Given data
>>>

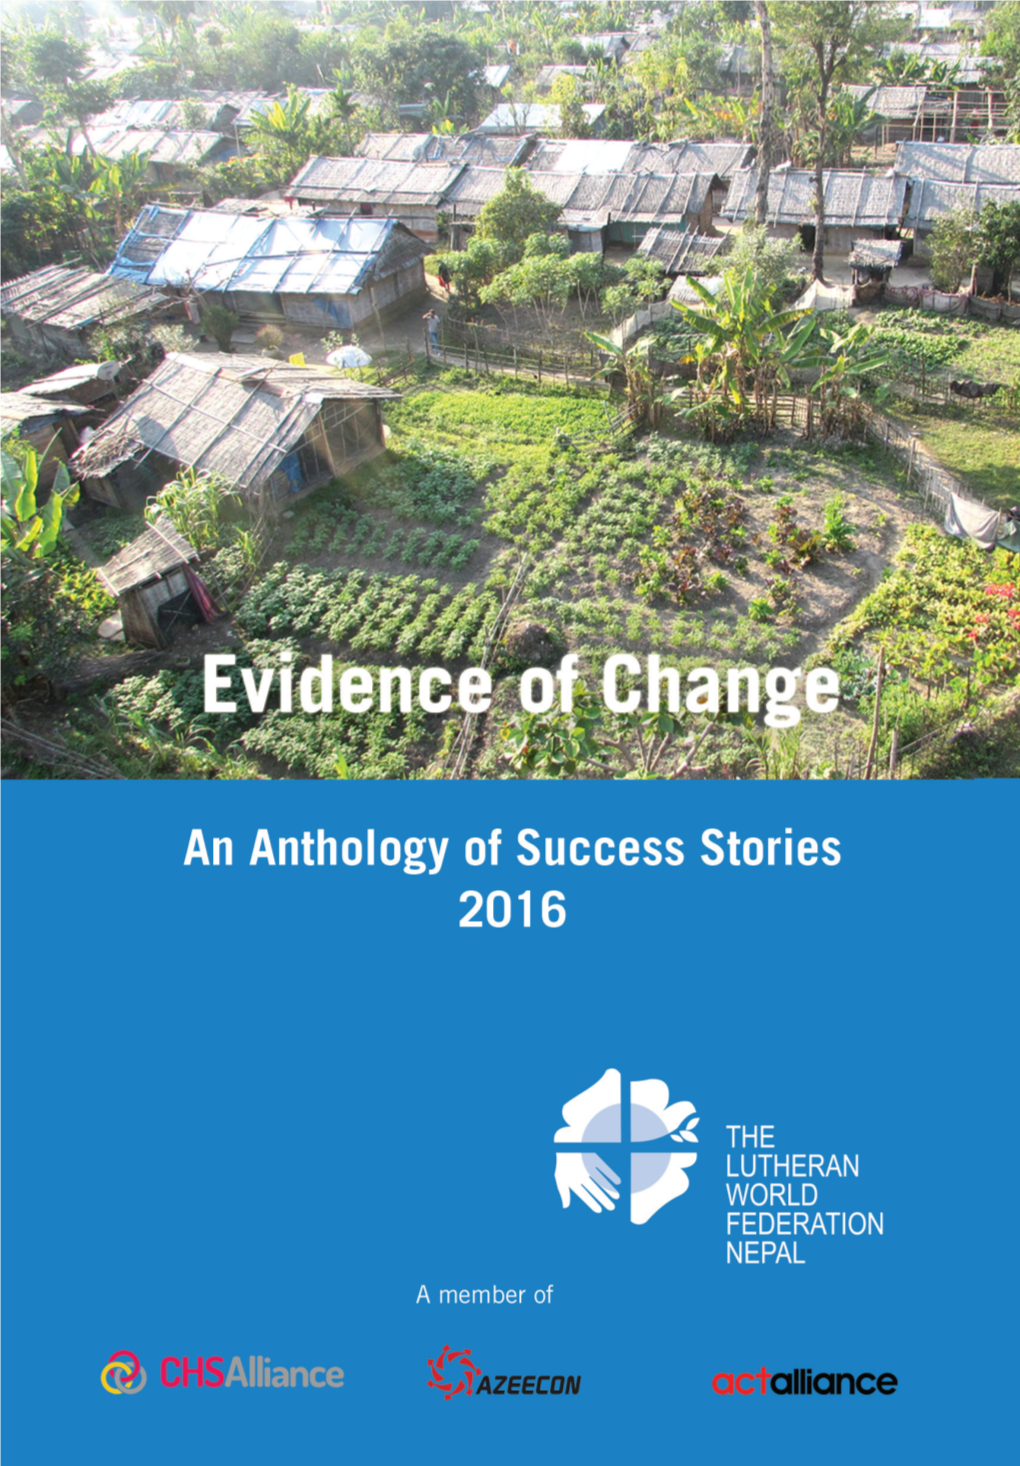 An Anthology of Success Stories 2016 1 Evidence of Change: an Anthology of Success Stories 2016 ©2016 the Lutheran World Federation Nepal
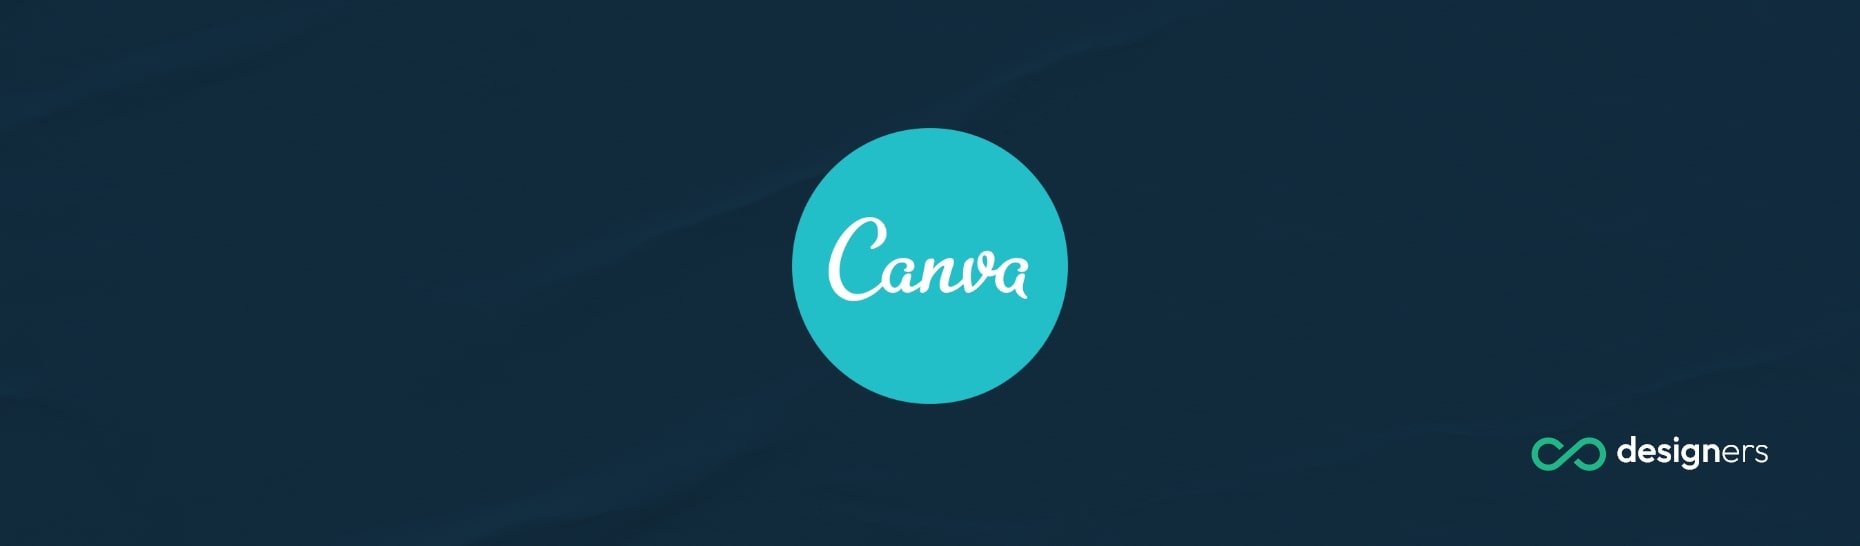 What Is the Star Wars Font Called in Canva?
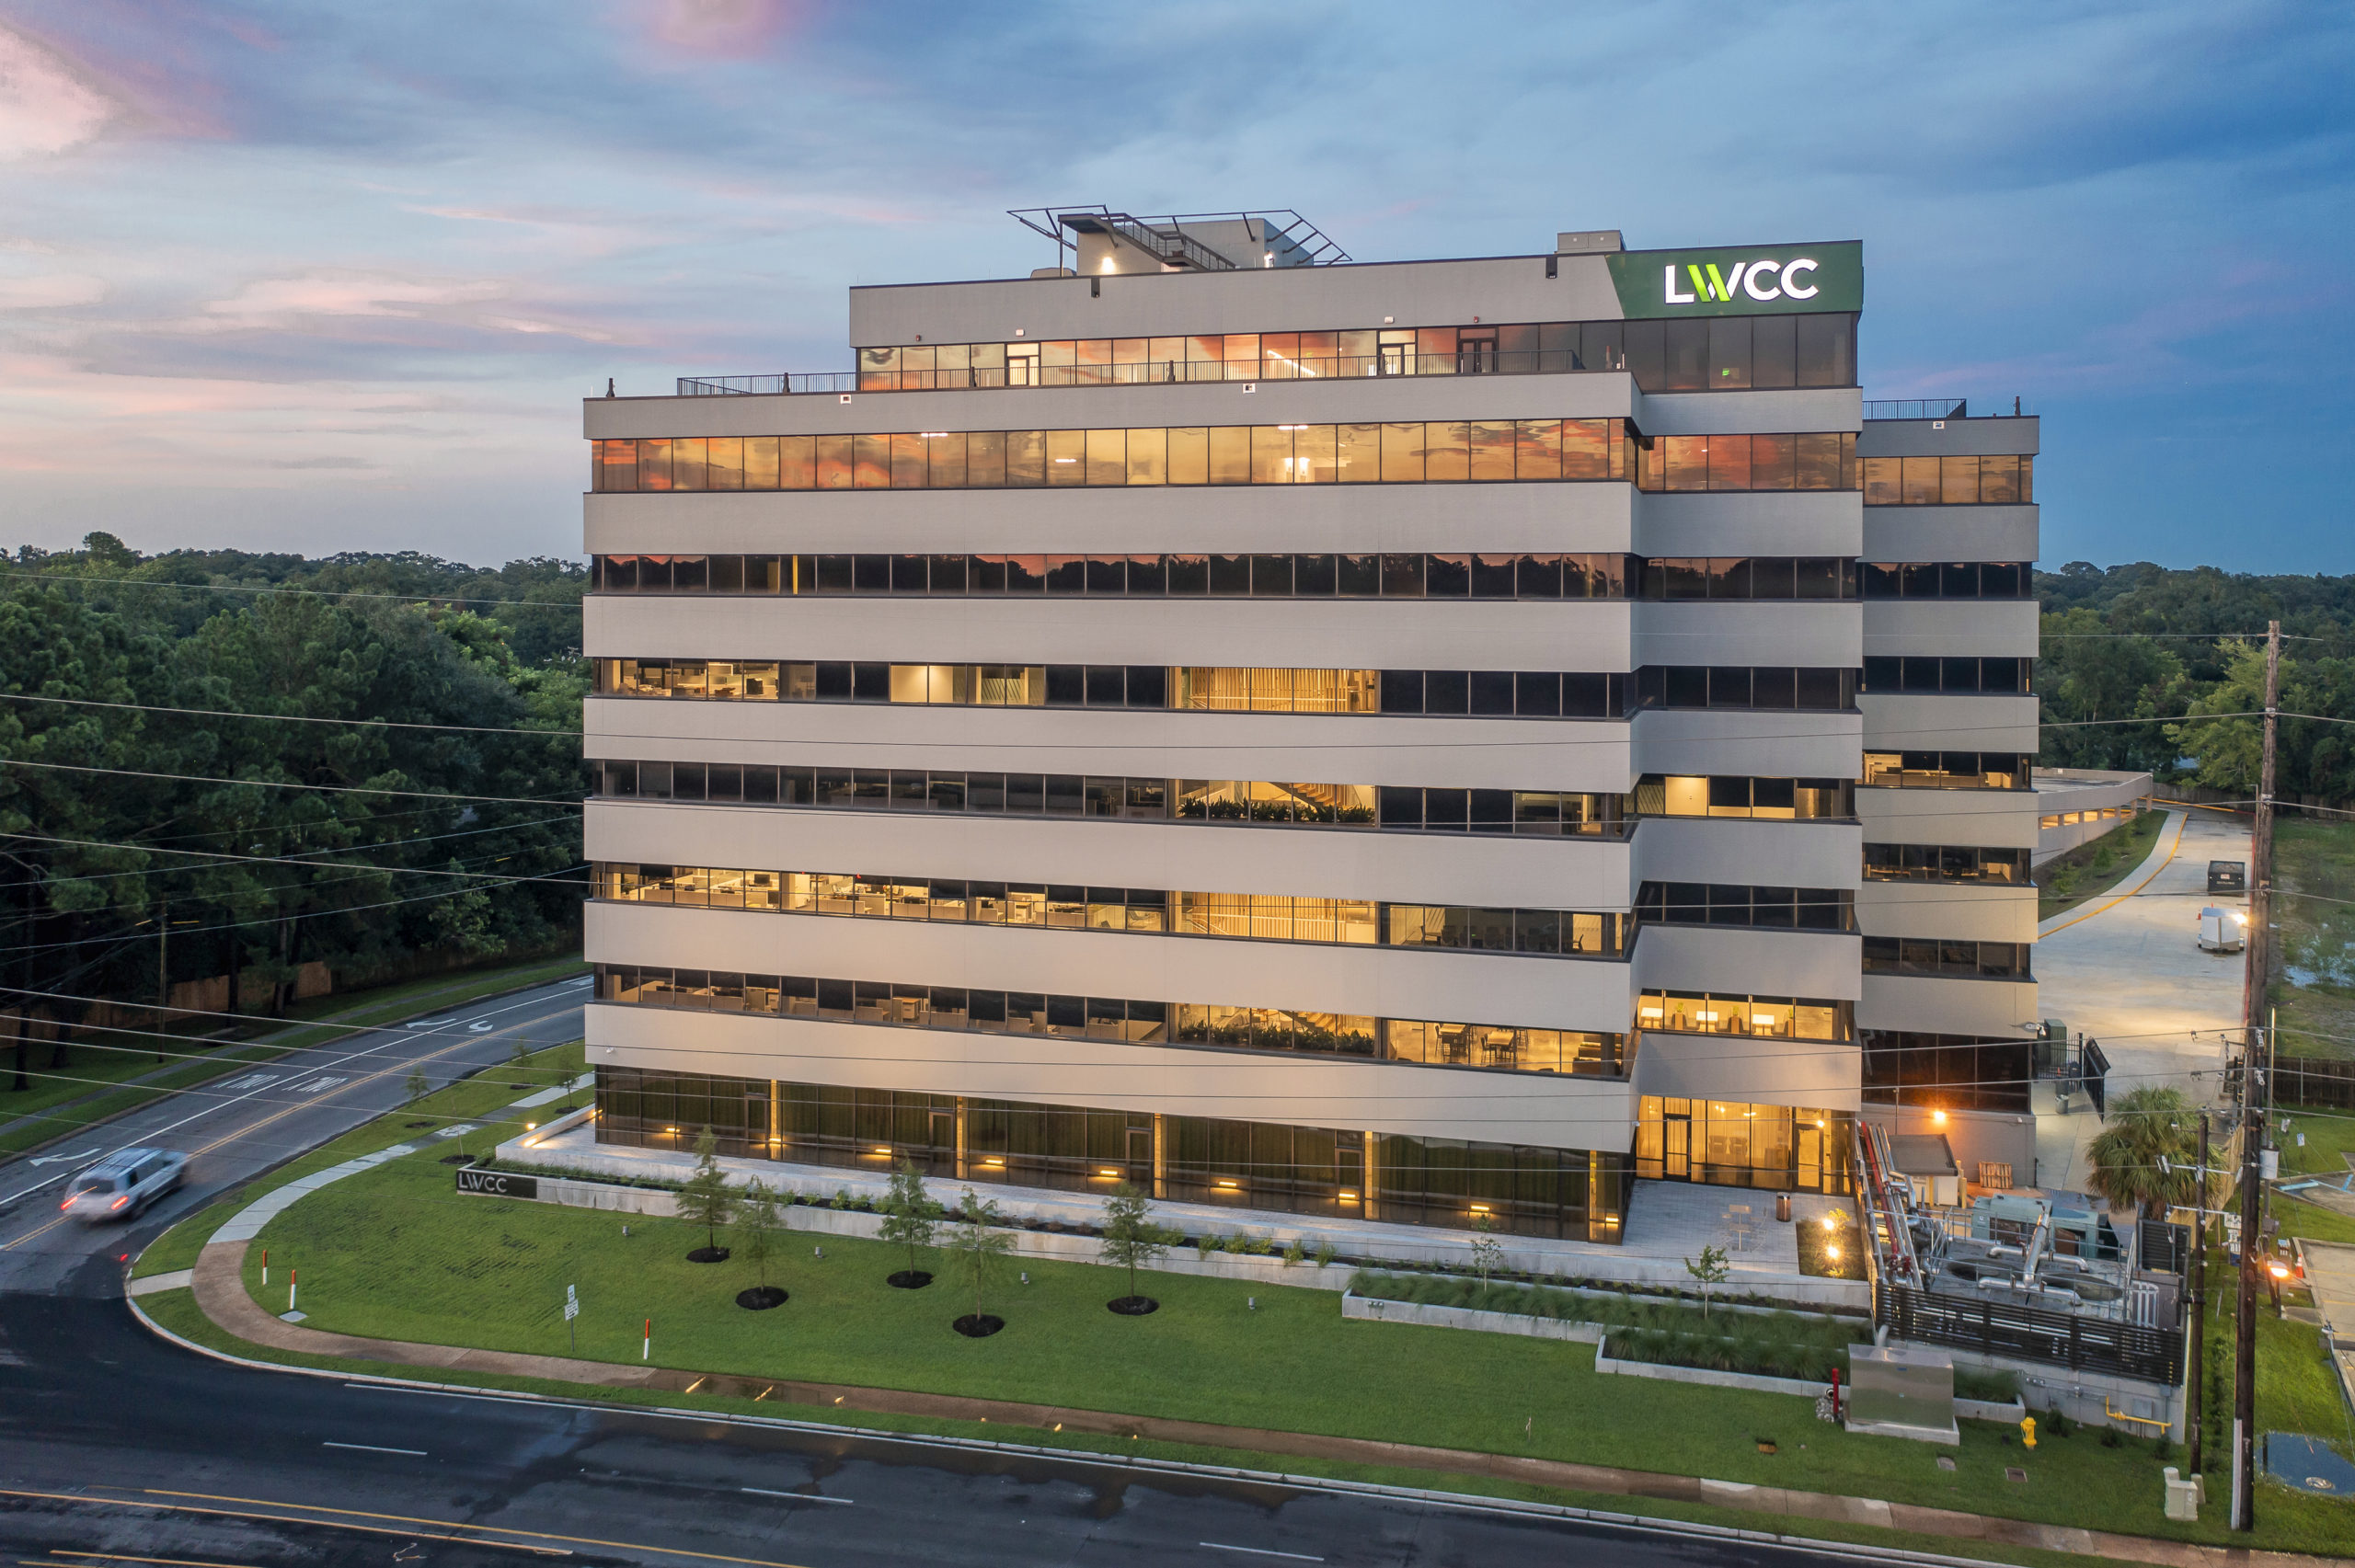 LWCC Office Building Renovation

<<<

Action item
What you give back must be exactly the lines of the listing above from the line containing "What Is the Star Wars Font Called in Canva?" through its last line, inclusive, without pictures, please.

Task response
 What Is the Star Wars Font Called in Canva?
 LWCC Office Building Renovation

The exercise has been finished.